Похожий на актера капельдинер Вартан всегда говорил как на сцене. Он служил при театре смолоду и на своем веку перевидал такое великое множество пьес, что ему было нетрудно припомнить, сколько там выведено лукавых злодеев, скрывающихся под масками честнейших людей.
Да и мне вдруг ни с того ни с сего припомнился матерый разбойник Джон Сильвер из „Острова сокровищ“ Стивенсона, злой и коварный пират, искусно притворявшийся перед своими хозяевами, что он служит им верой и правдой.
Глава двадцать пятая
Суд
Воротился я домой только к ужину.
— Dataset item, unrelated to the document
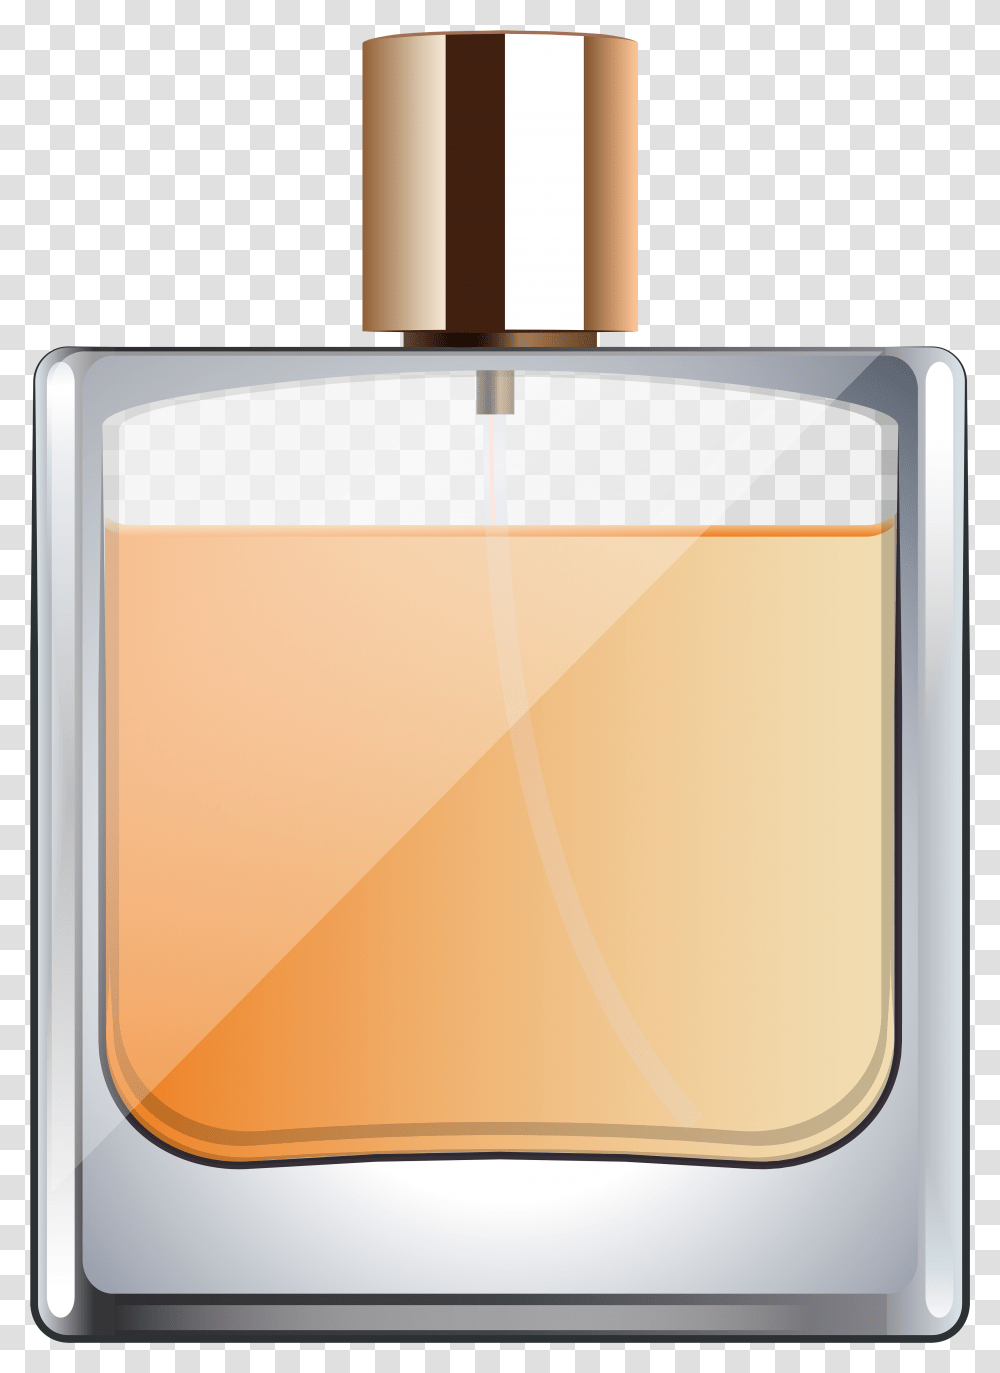 Perfume Bottle Clip Art Image Perfume Bottle, Cosmetics Transparent Png

Мама уже знала от Маланки, что Циндилиндер и его жена арестованы.
— Подумать только, какие они хитрецы! — сказал я, присаживаясь на кухне к столу. — Притворялись такими святошами, а мы, дураки, им поверили.
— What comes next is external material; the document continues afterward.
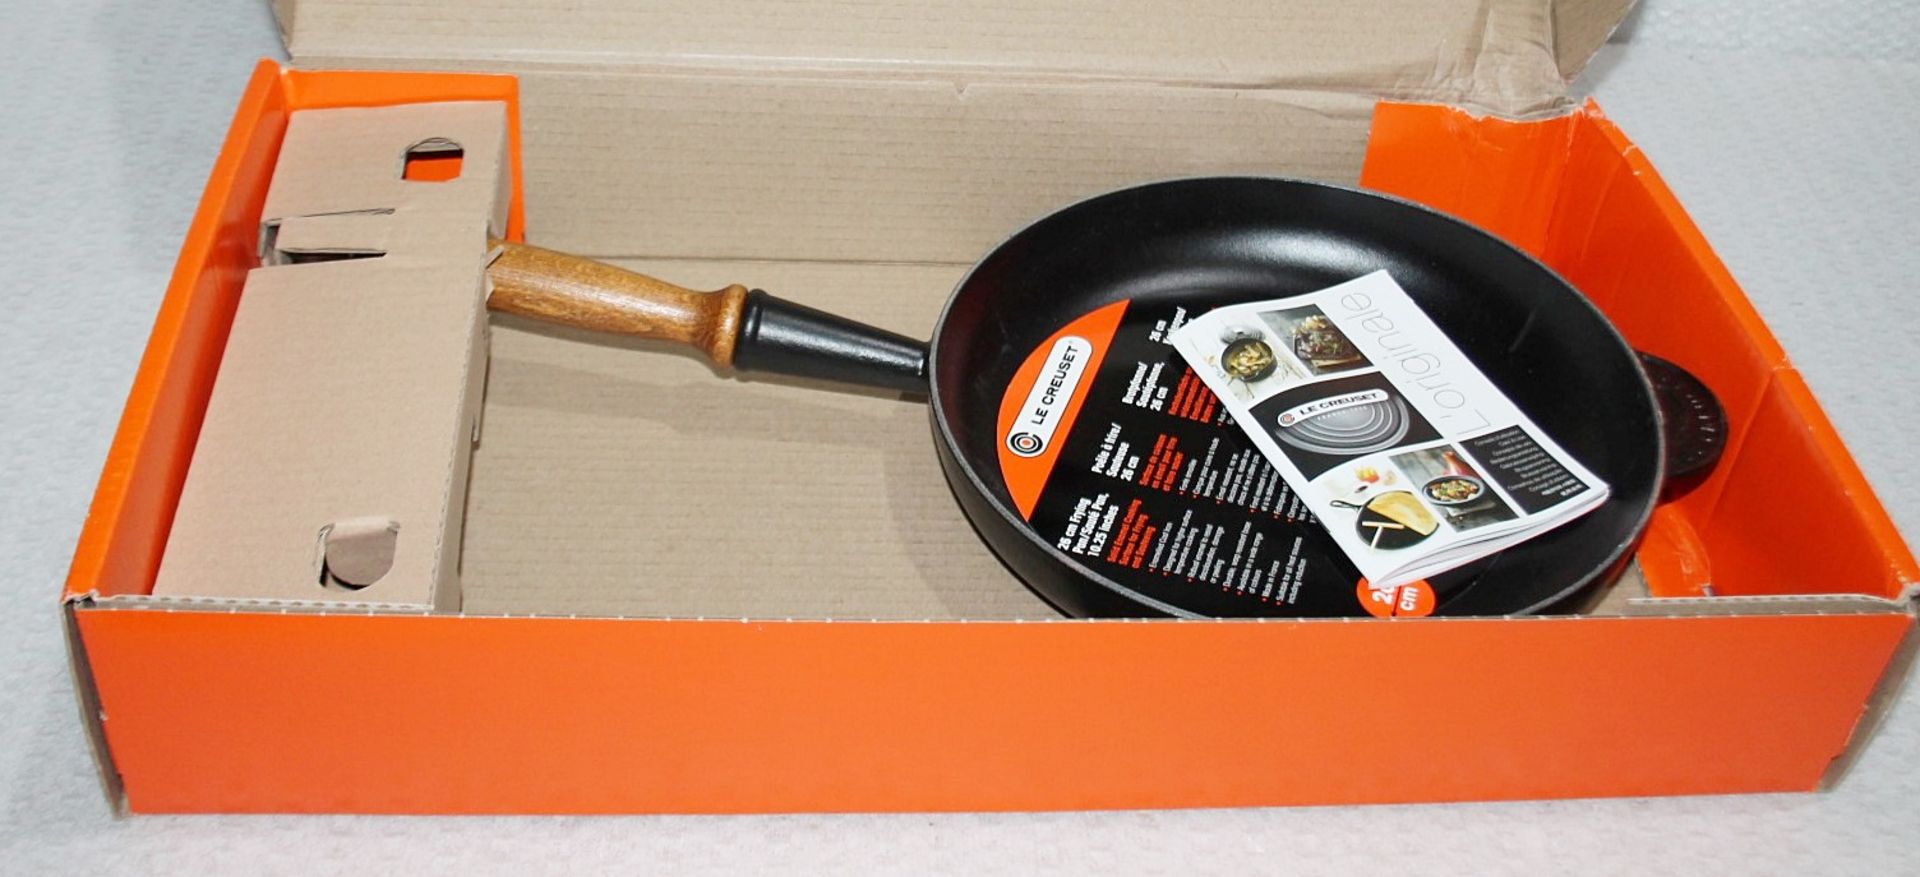 1 x LE CREUSET Satin Black Wooden Handle Frying Pan (26cm) - Original Price £170.00 - Boxed Stock - Image 4 of 9

Мама помолчала немного и сказала медленно, тихо, без всякой запальчивости, словно взвешивая каждое слово:
— Как ты себе хочешь, а я и сейчас все такая же дура. Верю, что они оба невиновны, и Циля и он.
— Какая ты странная! — сказала Маруся своим рассудительным и укоризненным голосом, не допускающим никаких возражений. — Подумай сама: разве нашли бы у тебя, например, и зонтик, и шкатулку… и другие вещи мадам Чикуановой, если бы ты не похитила их. Ведь это абсолютно прямые улики, и сомневаться никак невозможно.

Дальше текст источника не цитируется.